From the October 2016 issue of Acoustic Guitar BY PAT MORAN

 

Album Review: John Gorka’s ‘Before Beginning’ Revisits His Earliest Studio Recordings August 29, 2016

Before Beginning, a recovered cache of John Gorka’s earliest studio recordings from 1985, is subtitled The Unreleased I Know. Thirty years ago, Gorka decided to shelve these ten songs, nine of which appeared two years later as better-known versions on his official debut album, 1987’s I Know (Red House). He quips in the liner notes of Before Beginning that this collection is “the I Know nobody knew.”

But that shouldn’t tag this set of demos as a mere curio for completists.

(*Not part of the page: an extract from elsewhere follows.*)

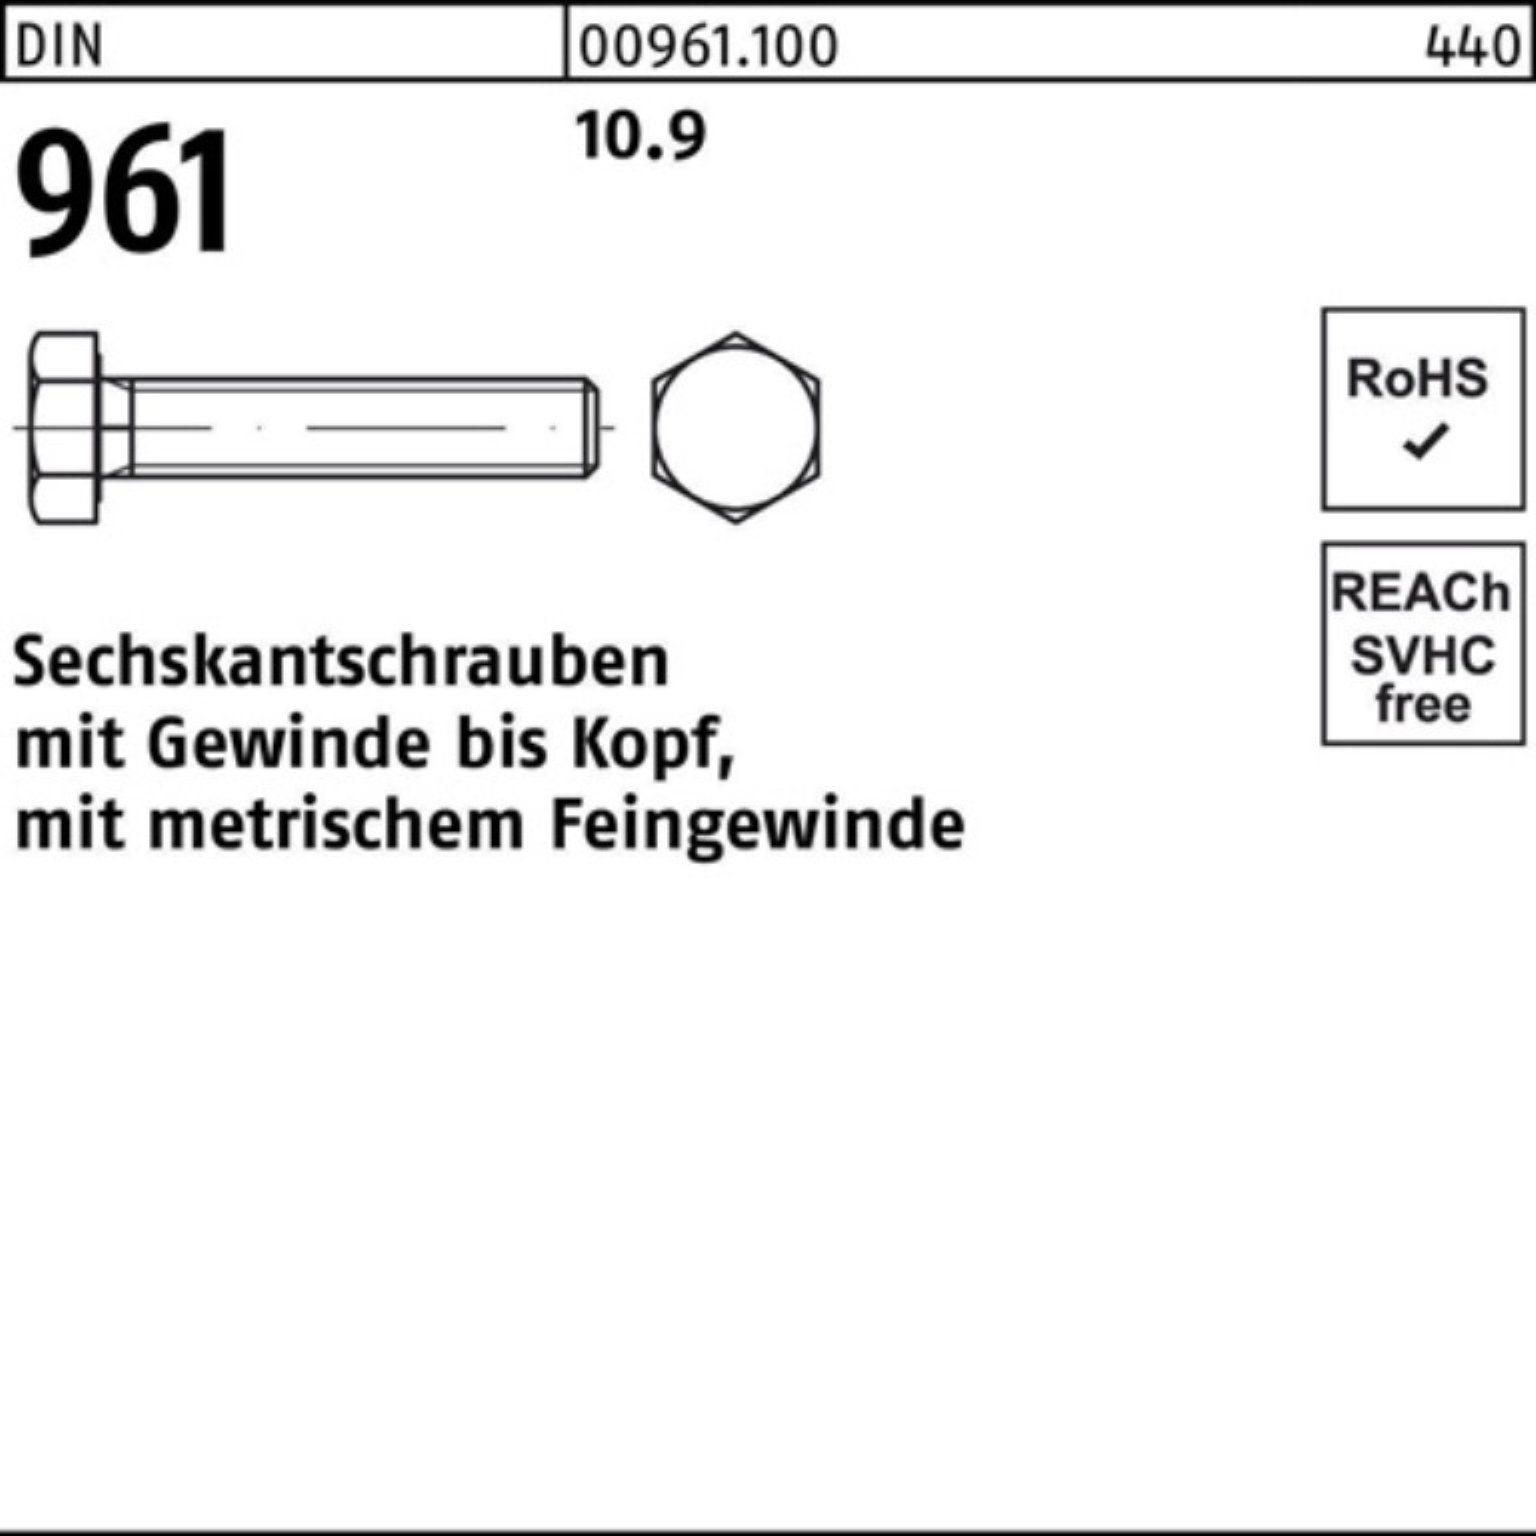 Stück Pack Reyher Sechskantschraube Sechskantschraube VG 10.9 961 50 DIN 100er M12x1,5x120 DIN

These early versions, appearing as kind-hearted sketches and confessionals filtered through a perpetual outsider’s spyglass, are no less solid than their better-known variants. Jim Rooney’s production adds ribbons of pure-toned electric guitar and arching alto saxophone in an amalgam of neo-traditional country and E Street Band-style rock.

It’s crowded, but the production sells the songs. “Down in Milltown,” for example, chugs at an accelerated pace through swooping pedal steel as Gorka’s spiraling acoustic guitar is burnished and tight.

“I Know” boasts serpentine guitars and rim-shot percussion, while “Blues Palace” slips Gorka’s percussive acoustic and fine-grained baritone between coiling stabs of electric guitar. In contrast, the surreal gem “Branching Out,” where Gorka imagines himself as a tree, is stripped down and direct.

Had Gorka released Before Beginning as planned, it would have been a solid start. He’s confident here and his songs soar. Only he knows why they needed to take another tack. But in revisiting his false start, Gorka gives us the opportunity to hear once-familiar tunes with fresh ears.